## WORK INSTRUCTIONS
Please output the listing that follows exactly, but keep all images out.

## MATERIAL PROVIDED
━━━━━━

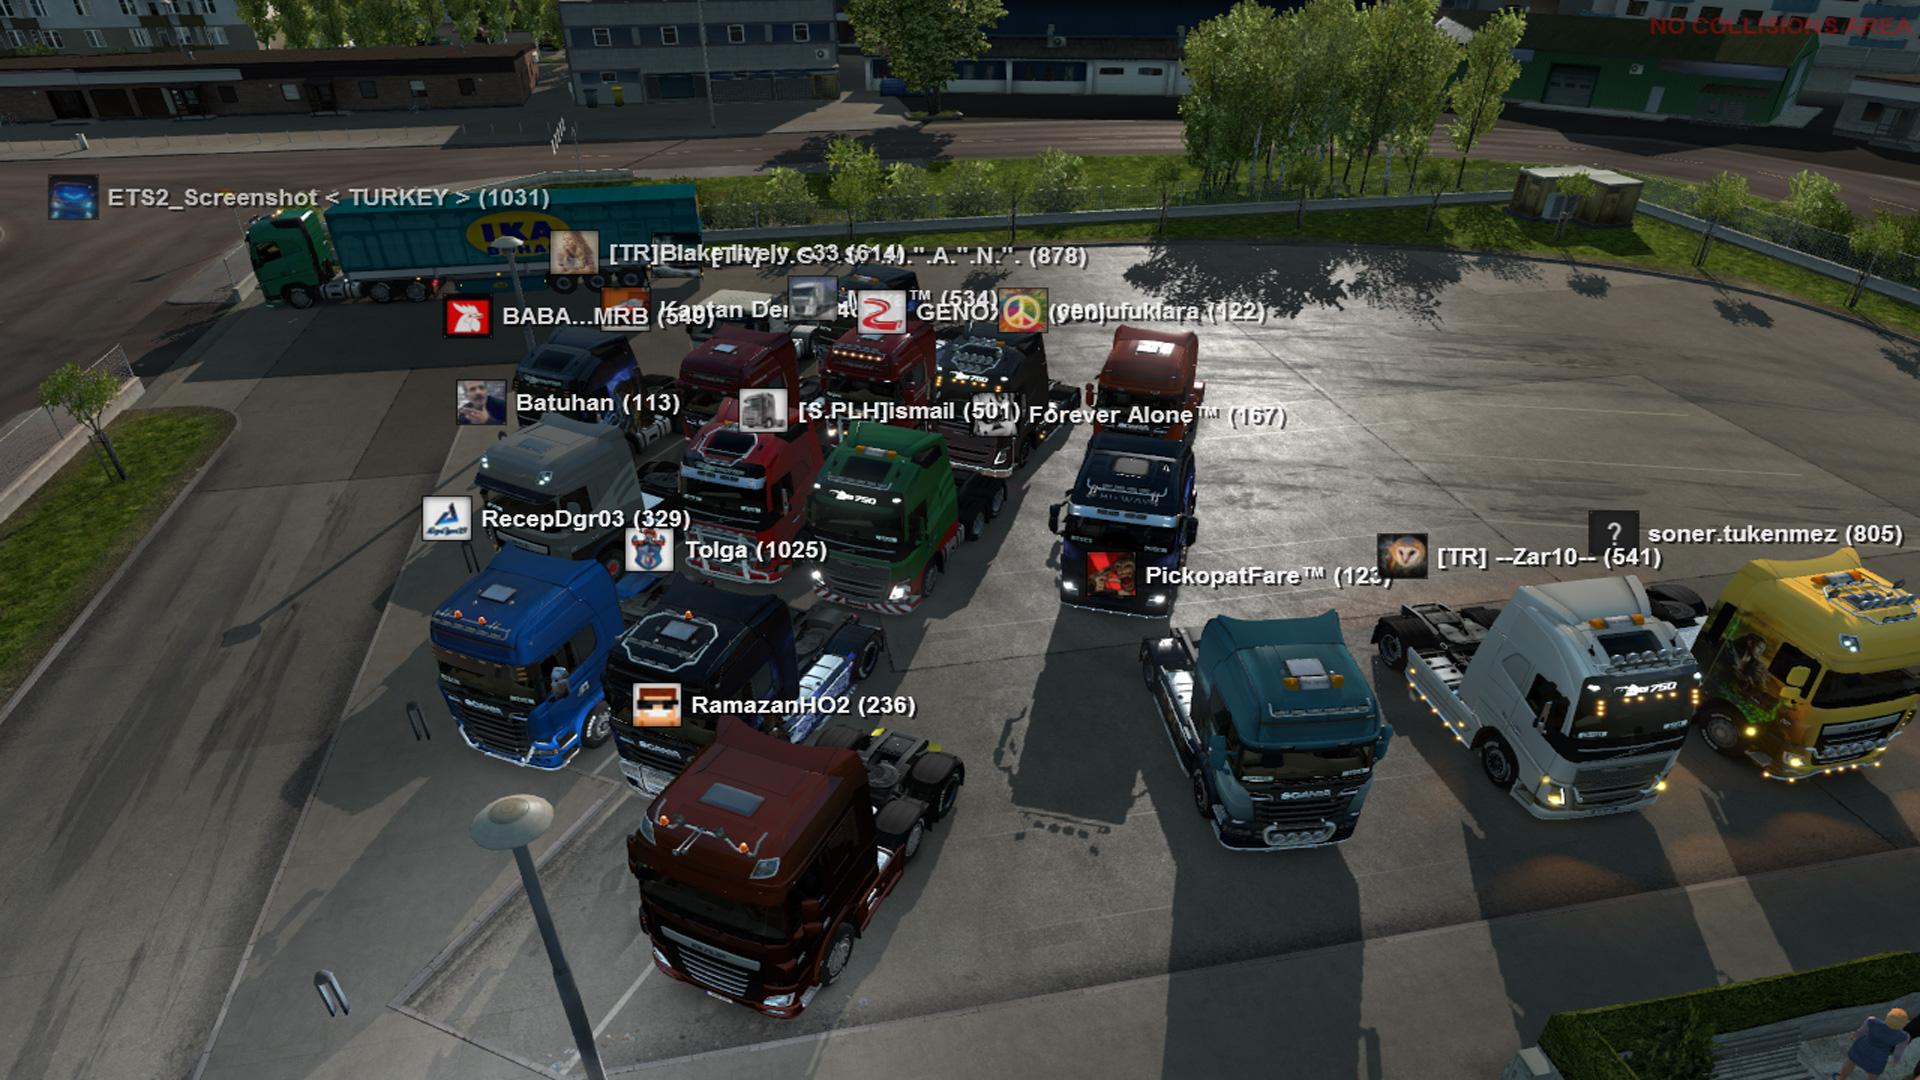 Euro truck simulator 2 multiplayer почему нет грузов
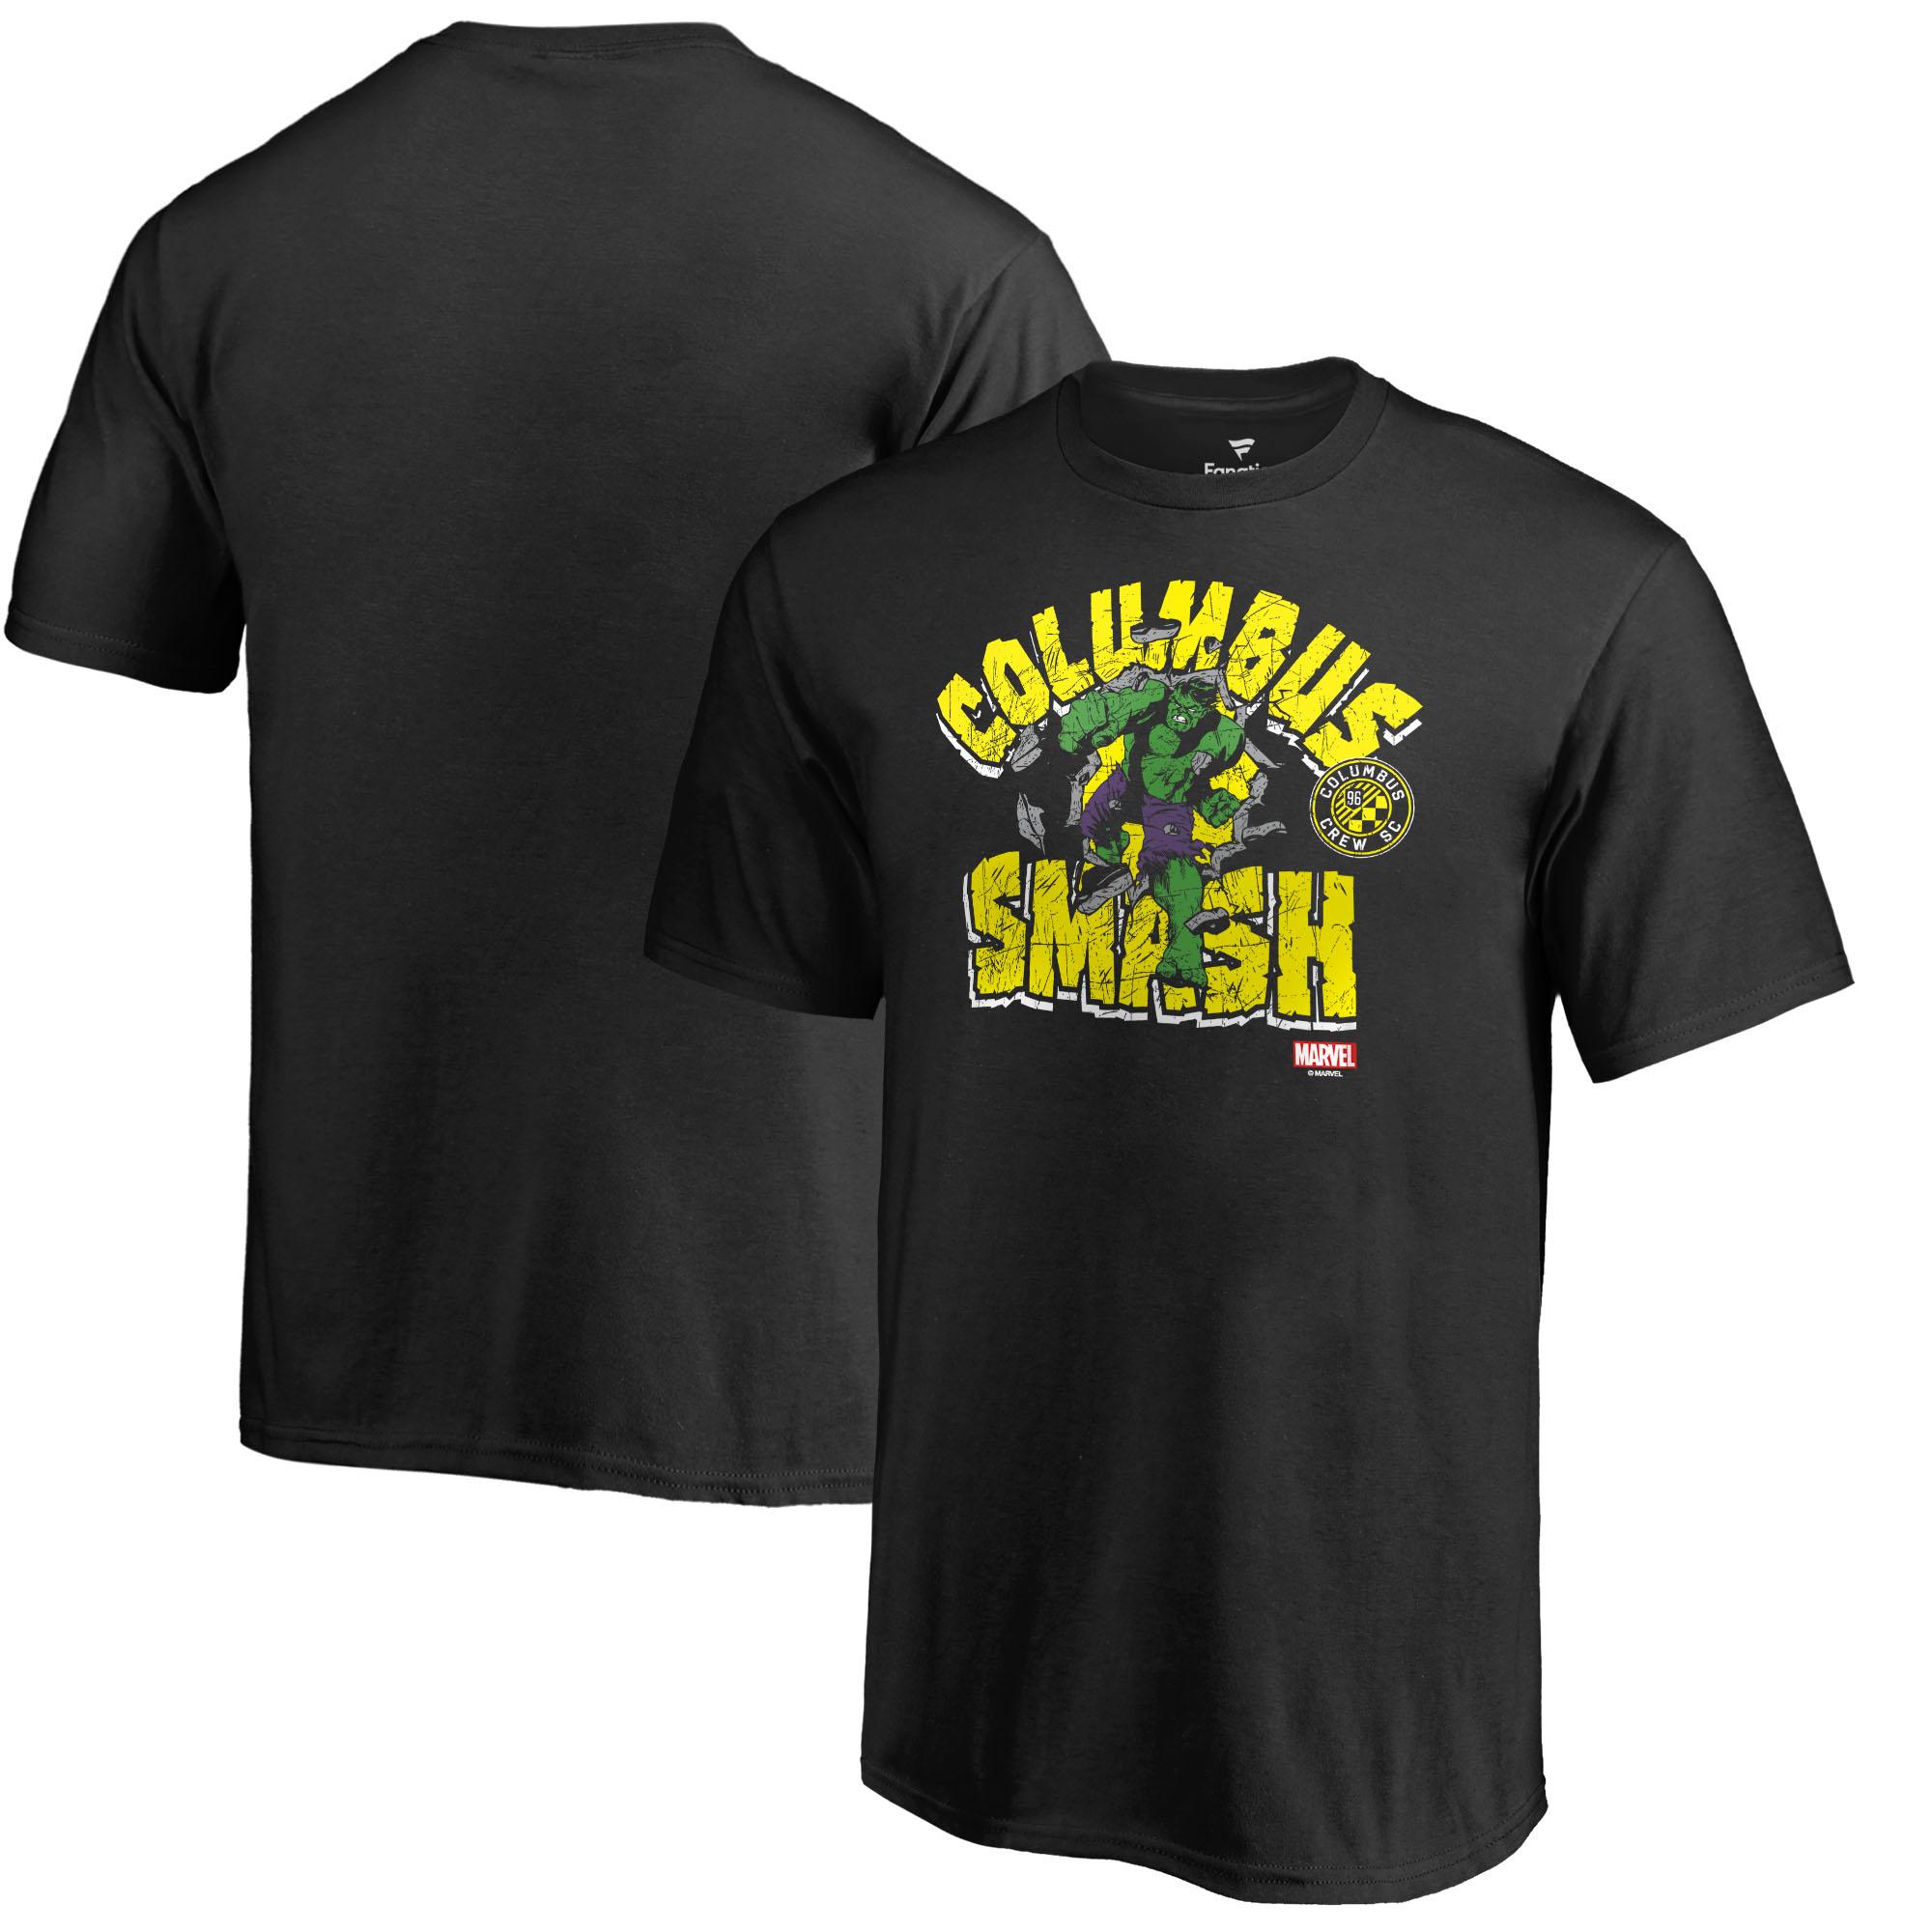 Columbus Crew SC Fanatics Branded Youth MLS Marvel Hulk Smash T-Shirt - Black
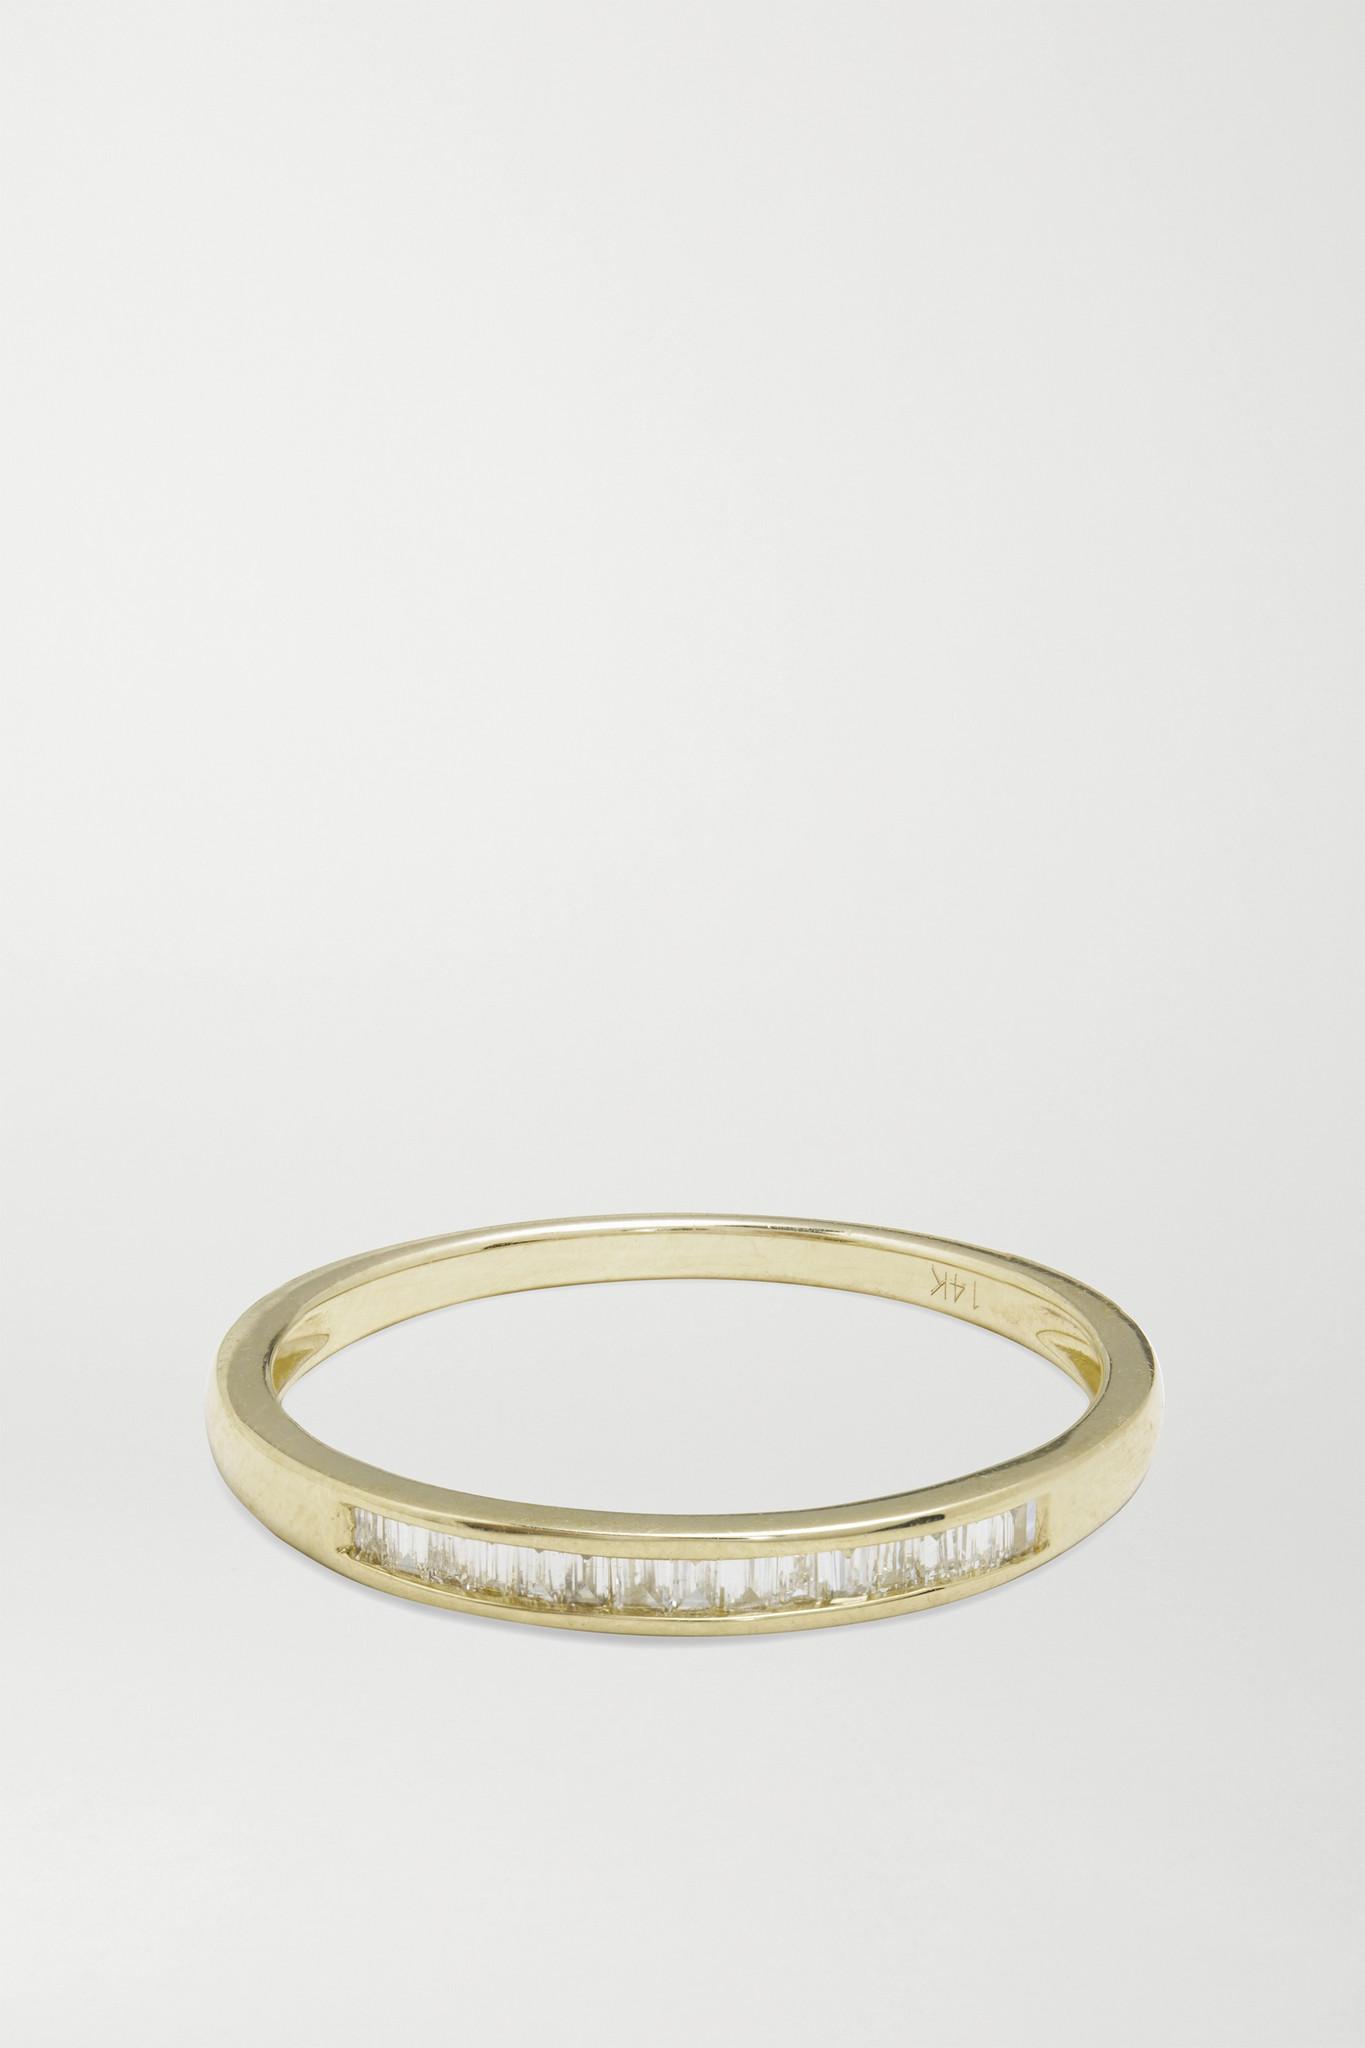 STONE AND STRAND - On The Upside 14-karat Gold Diamond Ring - 5

━━━━━━

## ANSWER TO THIS EXERCISE
 Euro truck simulator 2 multiplayer почему нет грузов
 Columbus Crew SC Fanatics Branded Youth MLS Marvel Hulk Smash T-Shirt - Black
 STONE AND STRAND - On The Upside 14-karat Gold Diamond Ring - 5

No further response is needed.